Born in Chatsworth, growing up in Klaarwater, studied in Cape Town, working in Johannesburg, making his Paralympic debut in Rio de Janeiro, being crowned world champion in both Paris and Kobe, Mpumelelo Mhlongo has become a true citizen of the world.
Fortunately, he’s ours, South African and is one of two flagbearers for the country when the 2024 Paralympics burst into life on Wednesday night.
The 30-year-old is taking part in his third Paralympics and this time he has very real prospects of showing that all that glitters is gold. He has a dazzling CV and having competed in the last Paralympics in Tokyo in the T64 category, where he finished fifth in all of the 100m, 200m and long jump, he’s back in the T44’s where it all started.
For those who are looking for an explanation as to what the T44 classification is, it is this: the para-athlete must have unaffected knee joints allowing for controlled power delivery but they must focus harder to sense and grip the track surface whilst maintaining good running posture and symmetry.
Which brings us to Mhlongo. In introducing himself he told SuperSport TV: “My Instagram handle is phantom toes and the condition is referring to when people have been amputated and they feel a phantom limb.
“I don’t have any toes on my right side but I am continuously told that the right way to run and the right way to do my long jump is to stay on my toes. So it’s an inner joke in my training group that the man with no toes needs to stay on his toes so that he can perform at a world-class level. I think I’m doing ok for myself up until this point?” That final reference is rhetorical.
Having won gold in the 2024 World Para Athletics Championships in Kobe, Japan, the South African Sportsman of the Year with a disability goes into the Paralympics not only with gold on his mind but a world record time as well. The time to beat is 11.00sec, which happens to be his own world record and something he refers to as “a personal best”.

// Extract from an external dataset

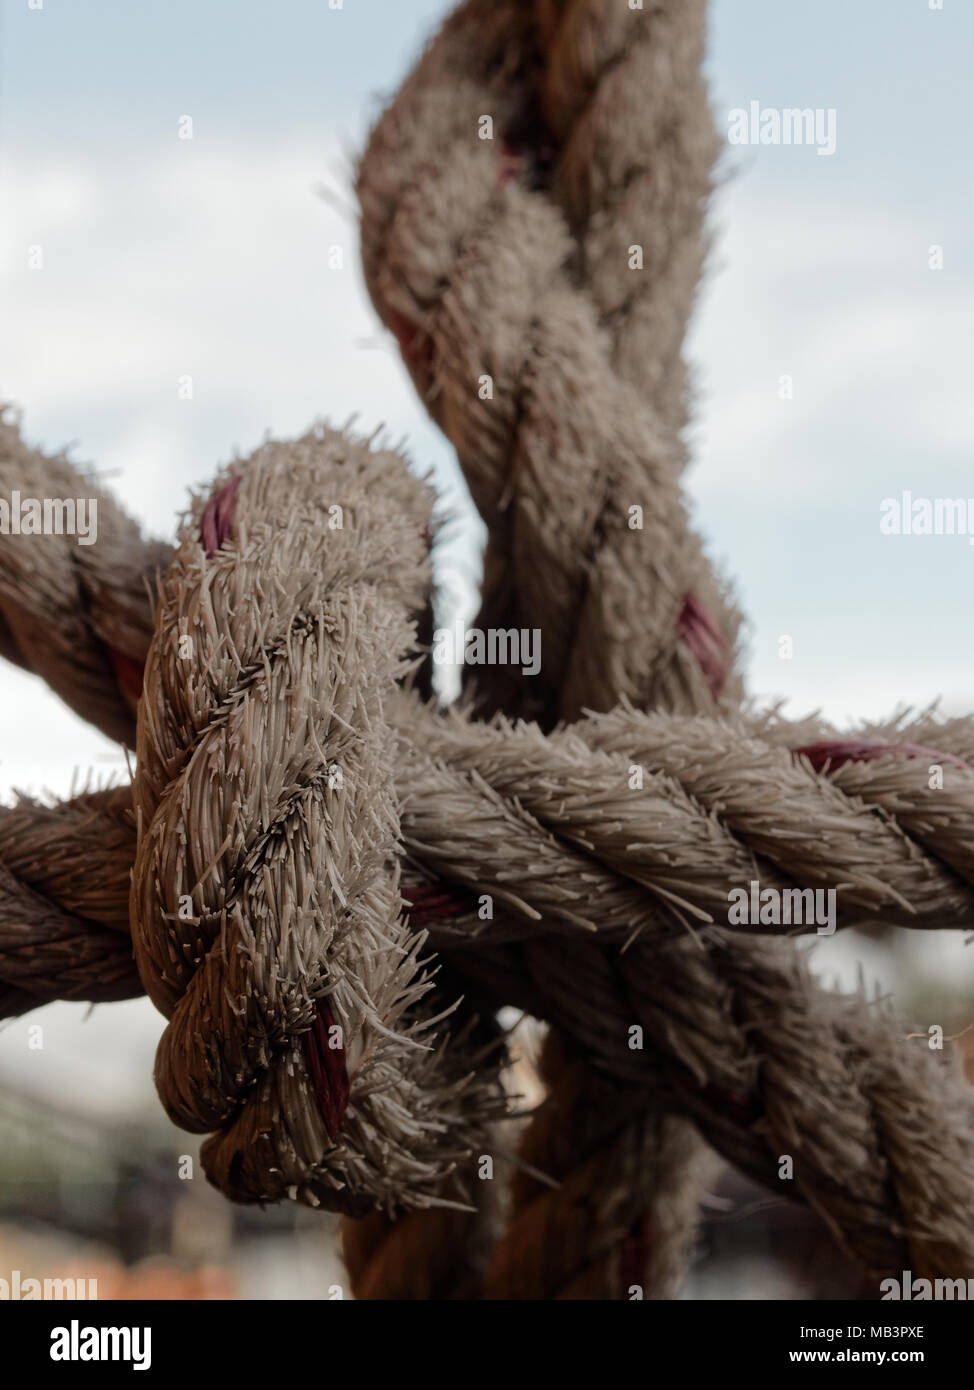 La corde de chanvre attachés ensemble sur l'acier en forme de radeau net pour empêcher quelqu'un de tomber dans l'eau sur arrière-plan de la zone rurale Banque D'Images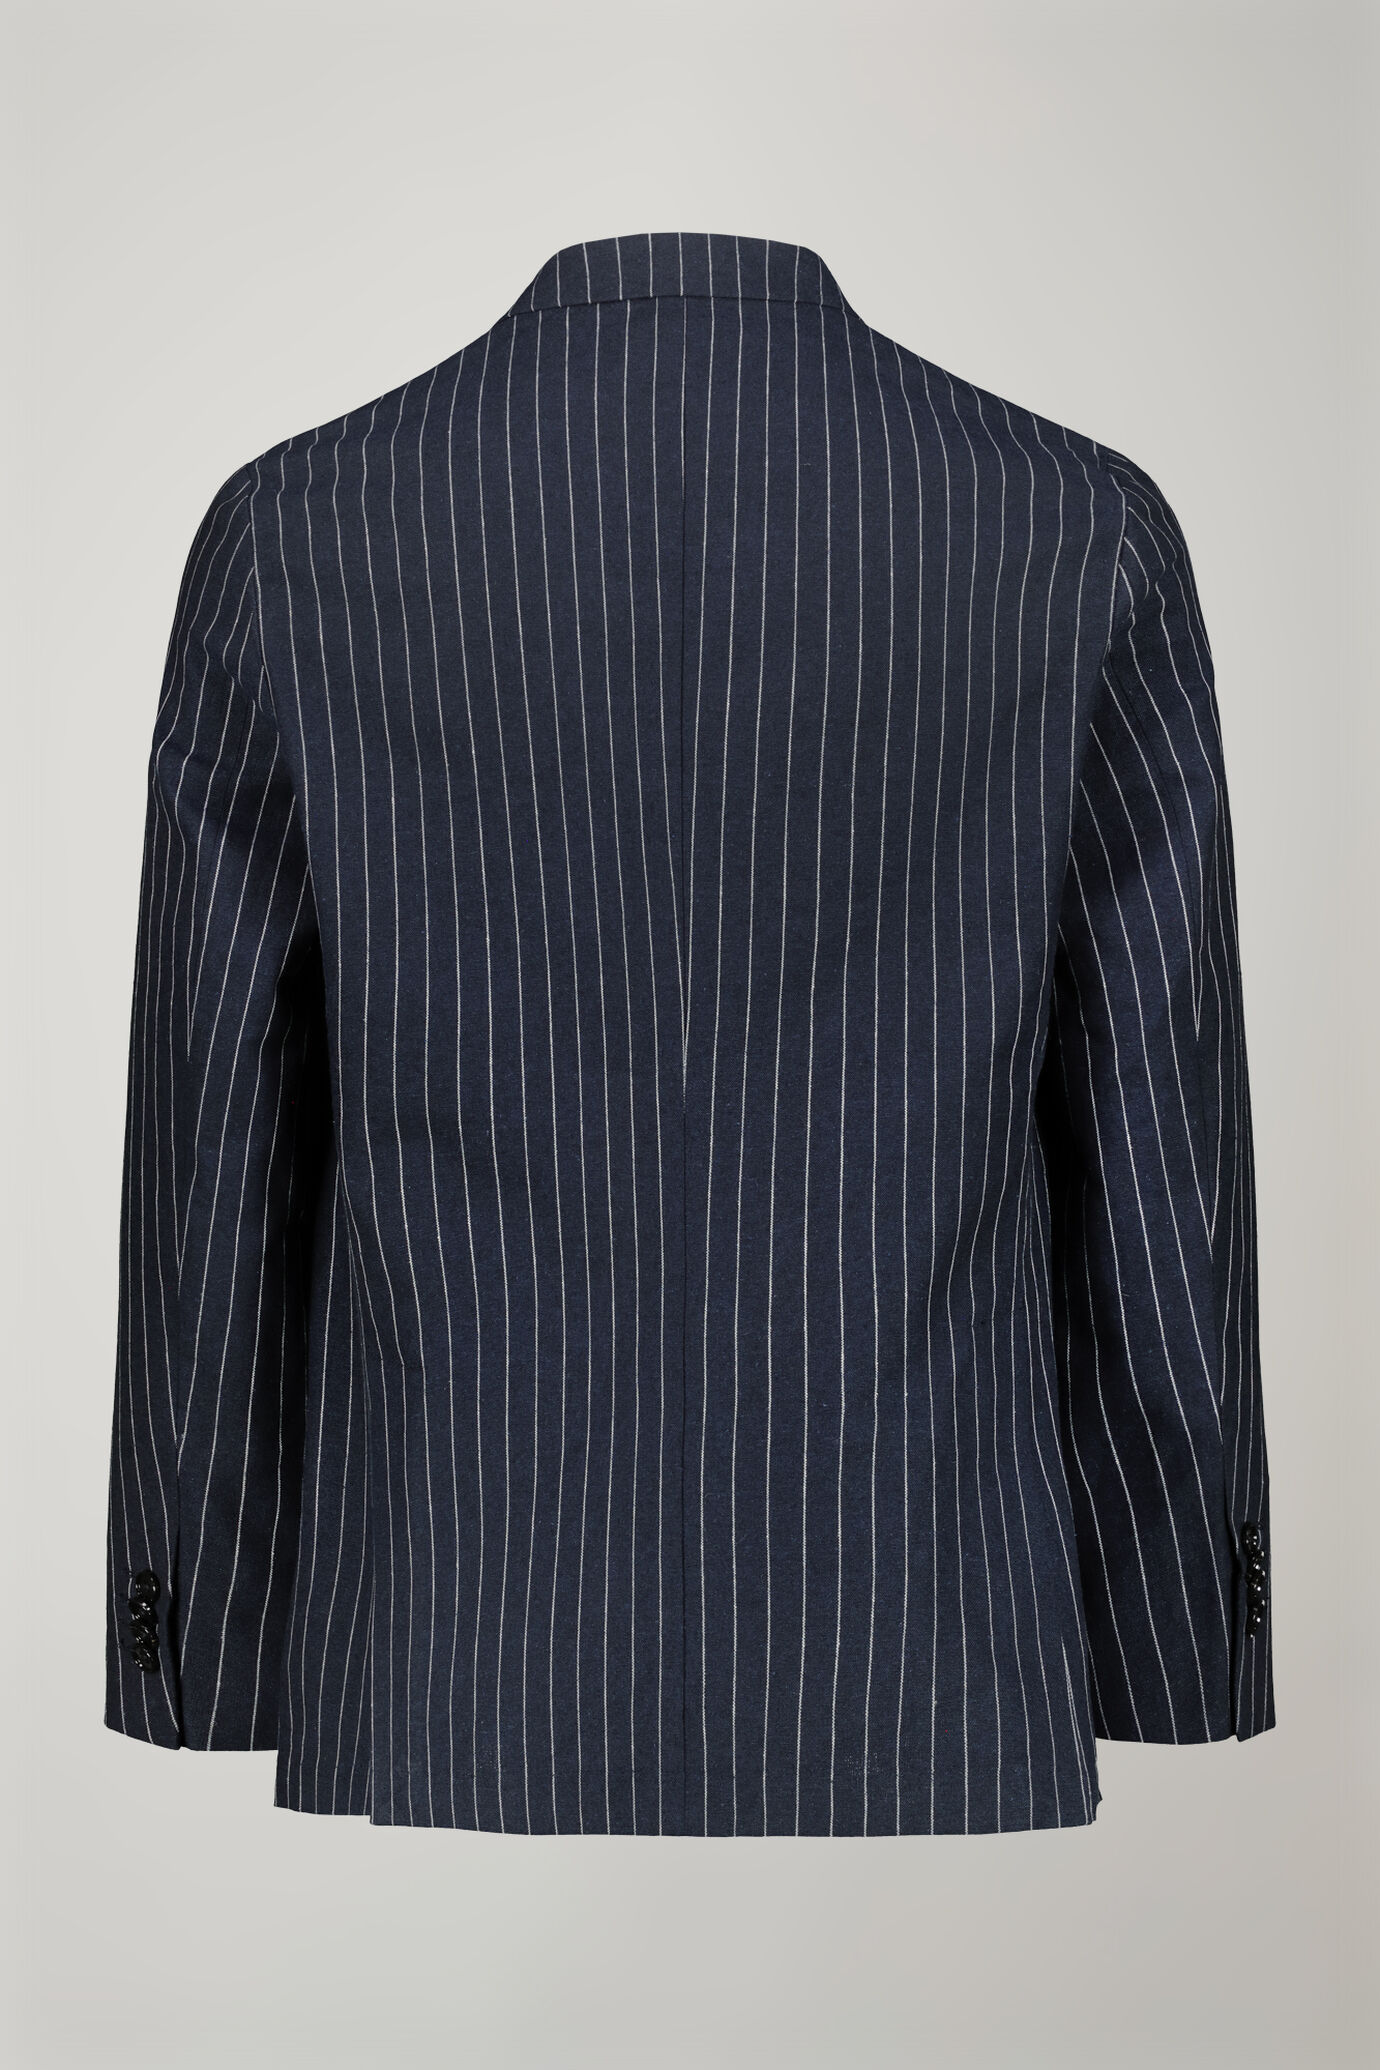 Veste croisée homme non doublée avec col en pointe et poches à rabat, en tissu lin et coton, motif à fines rayures coupe régulière image number 5

South Africans will gladly take a gold medal but Mhlongo is looking to produce an exclamation mark performance in Paris.
“I really believe that if you stop worrying about the time outcome of your race and you break it down into three parts and you execute those, you’ll have a year where you will break the world record, if not five times, 10 times, you finish the line, and you look at the clock and you go, that’s the world record. That’s something I might never catch again. And then you have to work towards beating your own personal best, which just so happens to be the world record in your class,” he said.
“Hopefully I can pull out a really good performance that will go into the history books. I think the big goal for Paris is to execute, execute like we’ve never before. How far can we beat our potential, wherever that might be, so definitely a world-record performance and definitely a gold medal.
“But hopefully our sights are aimed much higher (and much further in the long jump) so that we stay in the history books for as long as possible. We can then say South Africa has held a record for 20, 30 years. Something to give some other people a chance to chase down South Africa on the global stage.”
It all starts when he joins para-swimmer Kat Swanepoel in parading at the opening ceremony with the country’s flag. They have been constantly smiling since they arrived in Paris and those smiles are only going to get broader as the clock ticks down. Will that clock next to the track be stopped somewhere between 10.80 and 10.99sec? Having done much of his training in Europe under the expert eye of coach Jason Sewanyana, the signs are pointing that way.